It’s easier to link to this text than it is to repeat the intuition every time.

Those who learn fastest win

One of the core reasons why, as I write this in mid-2018, Silicon Civilization has the world in their teeth is because they figured out that it wasn’t just about learning. It was about learning quickly.

Look at it from their perspective. A startup is a hypothesis looking for validation. Those startups that are able to learn fastest have a greatest chance of pulling up before the runway runs out. Those that learned survived takeoff. Those that really thrived never stopped learning.

They win because they got really good at learning.

It isn’t purely about data, it’s about how it’s used to learn

If it was entirely about access to data, and only about data, then the world’s middle management data hoarders would be masters of the universe. They aren’t. There’s way too much data chasing way too few brains. There’s very little opportunity for many of our duopoly minders.

Data, for many, is simply there for the veneer of credibility it gives to gut decision making. Somebody somewhere has a genuinely stupid idea and they need the data to prove to decision makers that it is a good one. Or, worse, somebody somewhere has a genuinely fantastic idea and they can’t rally enough data to symbolically counter somebody who has rallied contrary data. As one middle manager at a large telco once said: “Oh, I see you brought a binder of data, next time I’ll bring three binders of data and we can play that game.”

When data about the competitive or internal environment is rallied to make decisions about things other than optimization tweaks, real second order learning can happen. This is really important because one can outlearn a strong competitor, but one can’t out-optimize their way out of a truly terrible situation.
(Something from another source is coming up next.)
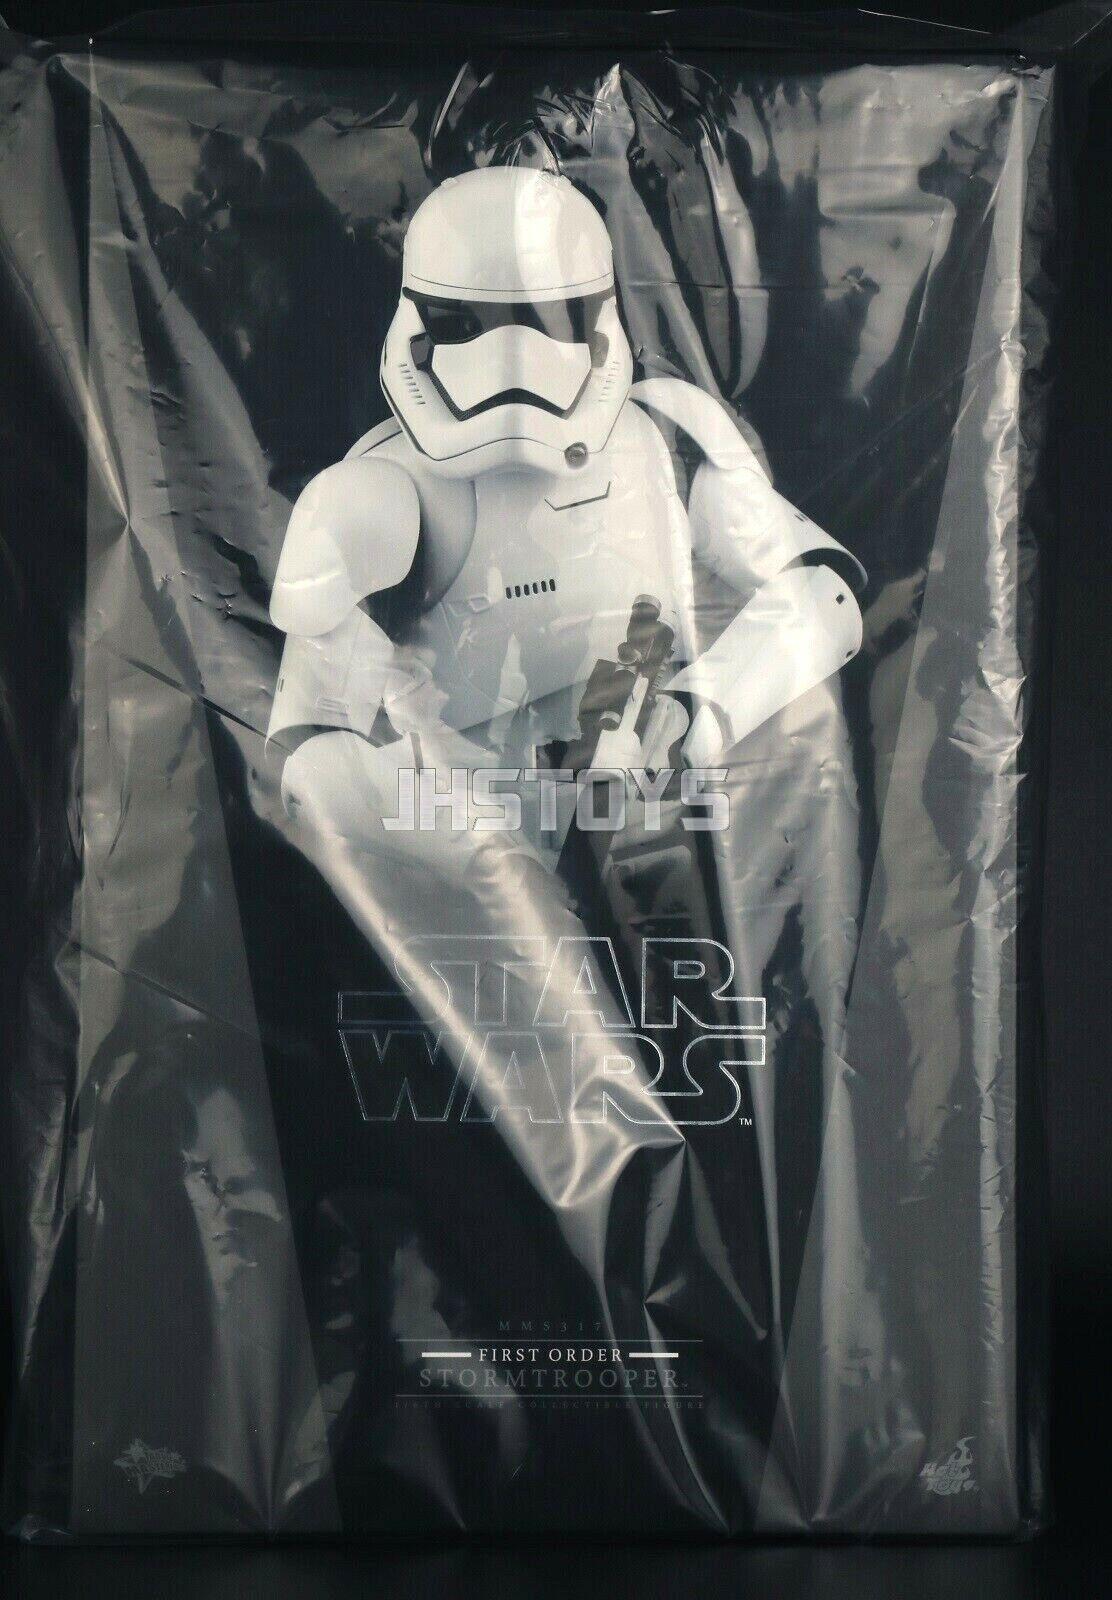 Caliente giocattoli 1 6 estrella guerras EP  VII The Force Awakens Stormtrooper MMS317  negozio outlet

It’s about learning. Does information from nature seep into the mental models of how managers make decisions? Do models update? If not, why not? If so, how often?

Rate of learning

Most valley startups are optimized for speed. This approach has been taken right into stack. A lot of the impulses around modern CI/CD are about deploying stable code really quickly. Why? Because the code, the very source of enablement, was often getting in the way of learning. Make it easy to ship and one makes it easy to learn. Friction is reduced and the rate of learning is increased.

They have cultures that are optimized for speed. They can take some pretty bold risks because they only expose the craziest things to a small portion of their user base. They release slightly embarrassing things all the time. They’re fail tolerant. Managers that continuously improve and who exude an indefatigable (and saccharine) sense of optimism are selected and rewarded.

Vector of learning

Their learning is often directed and aligned against at least one thesis. Google didn’t start with testing 41 shades of blue. It learned all the big things early and got really big into optimization once it had traction. You only get to 41 shades of blue once the big battles are fought. I think it’s great that they’ve earned the priveledge of optimizing something that specific. And that tale of woe dates to 2009.

The learning isn’t entirely undirected. (To retain a strong sense of empowerment, it’s important to be open to tons of tests.) Typically the learning is directed at testing a direction. It might have the outward appearance of scattershot. And some degree of randomness is important for discovery. But there’s a vector.

Who decides the vector, and if that direction of learning is producing dividends, is the stuff of management. Is management able to accept that a given vector may not have been a good one, and can they modify the angle of it over time? If so, they earn another life. If not, they die. I won’t list the number of companies who have just failed to adjust their vector.

A vector-line that doesn’t have an arrow is a dot. You can’t ever validate or reject a thesis if there’s no learning the direction of the arrow.

Those who learn fastest, win

In general, we should wherever possible, enable learning to happen faster.

That means making it easier to ship. Because learning.

That means democratic access to even slightly dirty data. Because learning.

That means empowering action. Because learning.

That means recognizing and rewarding learning. Because learning.

Because those that learn fastest, win.